EXERCISE DIRECTIONS:
After finding the line containing "Alternate Image 1 Selected - Skagen" below, please output that line and each following one through the line containing "Vashi Nedomansky edits", exactly as written.

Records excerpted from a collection
######

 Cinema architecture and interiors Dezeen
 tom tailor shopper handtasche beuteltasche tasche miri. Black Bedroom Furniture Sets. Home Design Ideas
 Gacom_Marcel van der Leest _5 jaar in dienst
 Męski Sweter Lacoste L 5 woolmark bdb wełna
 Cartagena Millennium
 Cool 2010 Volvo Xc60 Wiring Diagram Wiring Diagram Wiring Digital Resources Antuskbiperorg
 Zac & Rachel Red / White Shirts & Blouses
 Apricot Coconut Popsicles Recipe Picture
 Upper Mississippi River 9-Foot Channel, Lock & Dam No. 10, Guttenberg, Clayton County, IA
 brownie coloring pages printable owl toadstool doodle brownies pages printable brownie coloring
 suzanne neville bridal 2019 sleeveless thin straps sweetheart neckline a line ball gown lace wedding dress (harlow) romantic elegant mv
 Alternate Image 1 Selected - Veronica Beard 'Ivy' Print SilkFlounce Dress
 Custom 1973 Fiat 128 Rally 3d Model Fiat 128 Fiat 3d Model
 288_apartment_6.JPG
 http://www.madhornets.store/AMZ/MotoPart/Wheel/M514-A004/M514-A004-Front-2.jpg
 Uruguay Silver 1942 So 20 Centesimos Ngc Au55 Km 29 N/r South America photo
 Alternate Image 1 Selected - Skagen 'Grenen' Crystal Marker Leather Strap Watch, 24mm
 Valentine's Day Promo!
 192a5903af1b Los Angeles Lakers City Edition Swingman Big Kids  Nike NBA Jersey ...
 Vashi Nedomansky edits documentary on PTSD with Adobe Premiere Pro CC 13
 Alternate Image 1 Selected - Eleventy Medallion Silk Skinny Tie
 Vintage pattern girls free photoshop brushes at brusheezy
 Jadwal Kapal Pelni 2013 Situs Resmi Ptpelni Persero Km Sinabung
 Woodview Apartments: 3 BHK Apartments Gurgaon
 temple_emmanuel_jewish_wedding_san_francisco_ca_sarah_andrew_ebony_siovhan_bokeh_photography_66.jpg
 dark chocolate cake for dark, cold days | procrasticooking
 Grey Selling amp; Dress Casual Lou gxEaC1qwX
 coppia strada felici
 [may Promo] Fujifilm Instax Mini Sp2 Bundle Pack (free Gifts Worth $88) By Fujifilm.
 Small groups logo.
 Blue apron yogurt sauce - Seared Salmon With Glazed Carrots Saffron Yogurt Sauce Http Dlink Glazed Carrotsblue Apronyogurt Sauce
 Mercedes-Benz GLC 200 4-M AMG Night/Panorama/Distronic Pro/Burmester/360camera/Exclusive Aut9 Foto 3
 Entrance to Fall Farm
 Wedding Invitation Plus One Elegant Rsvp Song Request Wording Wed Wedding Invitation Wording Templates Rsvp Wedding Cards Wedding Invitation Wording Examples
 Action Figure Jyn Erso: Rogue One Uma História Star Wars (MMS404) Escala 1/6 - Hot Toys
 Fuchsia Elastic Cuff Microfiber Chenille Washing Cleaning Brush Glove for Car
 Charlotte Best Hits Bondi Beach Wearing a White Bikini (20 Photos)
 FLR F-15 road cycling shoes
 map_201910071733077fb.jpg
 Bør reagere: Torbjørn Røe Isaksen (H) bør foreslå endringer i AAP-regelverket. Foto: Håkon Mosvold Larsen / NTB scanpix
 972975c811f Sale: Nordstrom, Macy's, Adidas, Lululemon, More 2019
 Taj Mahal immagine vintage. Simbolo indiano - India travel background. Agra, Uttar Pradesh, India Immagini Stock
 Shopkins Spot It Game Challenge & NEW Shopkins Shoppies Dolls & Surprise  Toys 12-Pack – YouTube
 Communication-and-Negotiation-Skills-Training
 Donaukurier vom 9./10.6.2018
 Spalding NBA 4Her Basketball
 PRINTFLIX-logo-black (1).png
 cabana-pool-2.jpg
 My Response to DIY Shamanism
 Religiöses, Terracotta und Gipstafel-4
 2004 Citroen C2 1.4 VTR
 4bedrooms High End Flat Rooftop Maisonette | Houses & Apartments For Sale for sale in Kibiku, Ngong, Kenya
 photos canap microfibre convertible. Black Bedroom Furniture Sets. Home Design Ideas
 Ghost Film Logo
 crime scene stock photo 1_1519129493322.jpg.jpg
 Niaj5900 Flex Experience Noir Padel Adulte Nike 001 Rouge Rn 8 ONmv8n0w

######

TASK ANSWER:
 Alternate Image 1 Selected - Skagen 'Grenen' Crystal Marker Leather Strap Watch, 24mm
 Valentine's Day Promo!
 192a5903af1b Los Angeles Lakers City Edition Swingman Big Kids  Nike NBA Jersey ...
 Vashi Nedomansky edits documentary on PTSD with Adobe Premiere Pro CC 13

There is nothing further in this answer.